当然,也小小夸大了一下对方的恶行和自己的可怜。
“就是这样,他们骂我没关系,可他们竟然那样说师尊,我自是气不过,没曾想就这样遭了报应”
季求柘说着抹了把莫须有的眼泪,将红肿不堪的蹄子来回在章自寒眼前晃悠。
果然,章自寒一拍桌子。
“简直欺人太甚!”
季求柘修为低看不出来,他心里门儿清,离火术这门功法之所以常被当做入门基础功法教授,便是因为它简单易学,且相对来说更安全。

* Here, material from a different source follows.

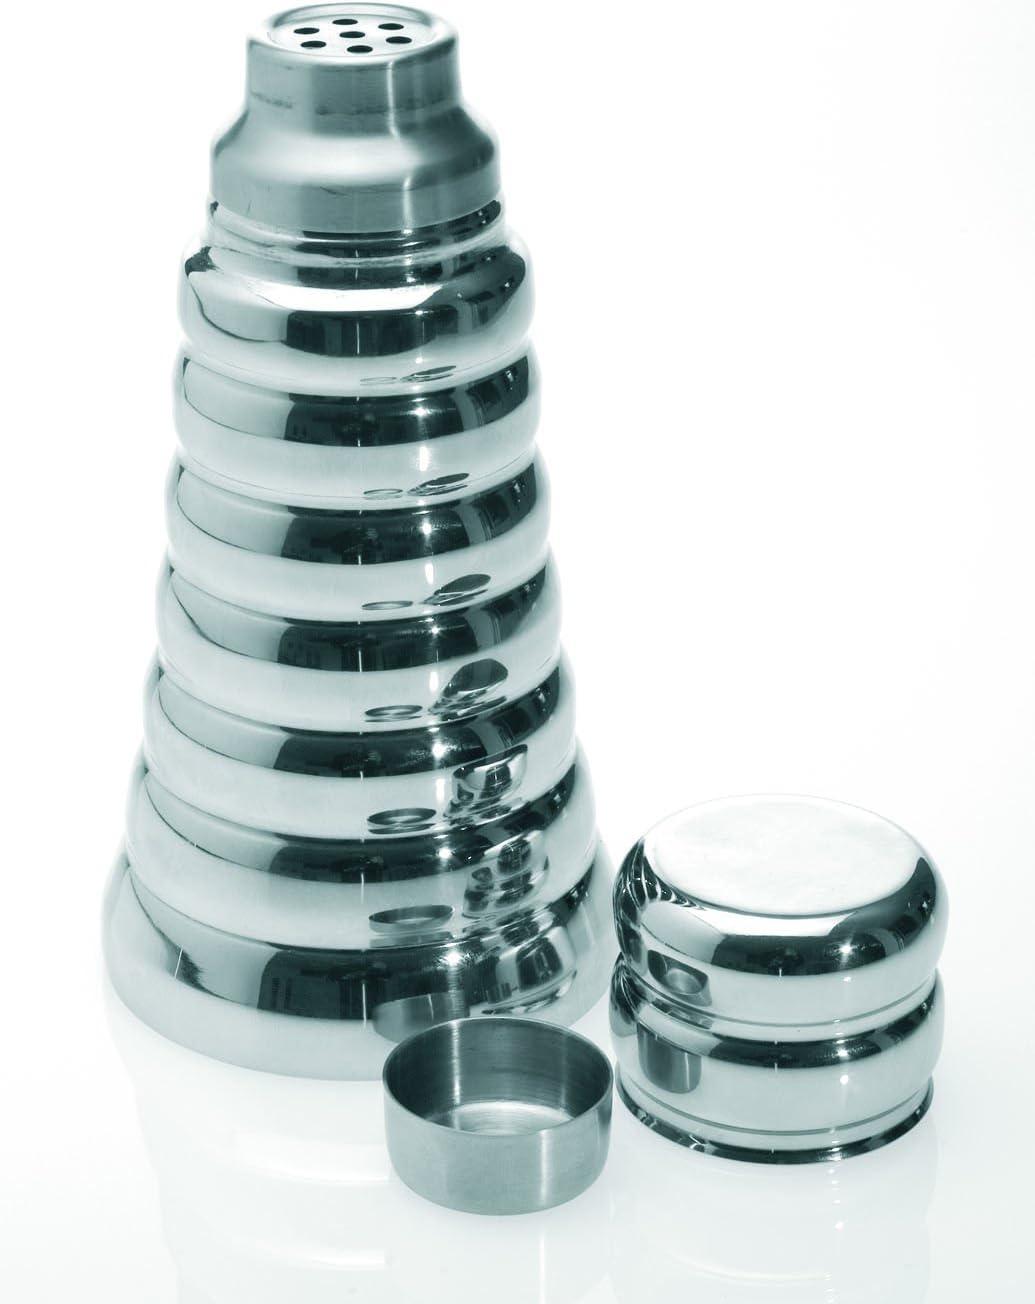 Evviva 1195 Shaker Unica Acciaio Argento

这么多年来,几乎没有一位修士在学这门术法时出现过意外。
宁远之这样做,是真当他傻吗?
“怎么了师尊?”季求柘装作茫然的样子,“我没受什么委屈,真的。”
终归是自己的徒弟,章自寒轻叹一声,将自己的猜测告知于他。
末了,还补充道:“你莫难过,师尊会替你做主。”
“师尊”季求柘感动了,眼尾泛红,眼里闪烁着晶莹的泪花,“您对弟子真是太好了!”
看着样委屈的人儿,章自寒不知为何,心也跟着难受起来。
他蹙眉,觉得这难受来得莫名其妙,遂运起法术察视身体一周,却没发现任何异样。
“师尊,您怎么了?”
章自寒这才回神,犹豫了一下,手抚上季求柘头顶,生硬地揉了揉。
“不去上学堂了,明日起,...
[您的浏览器未开启 JavaScript,请点击加载完整內容...]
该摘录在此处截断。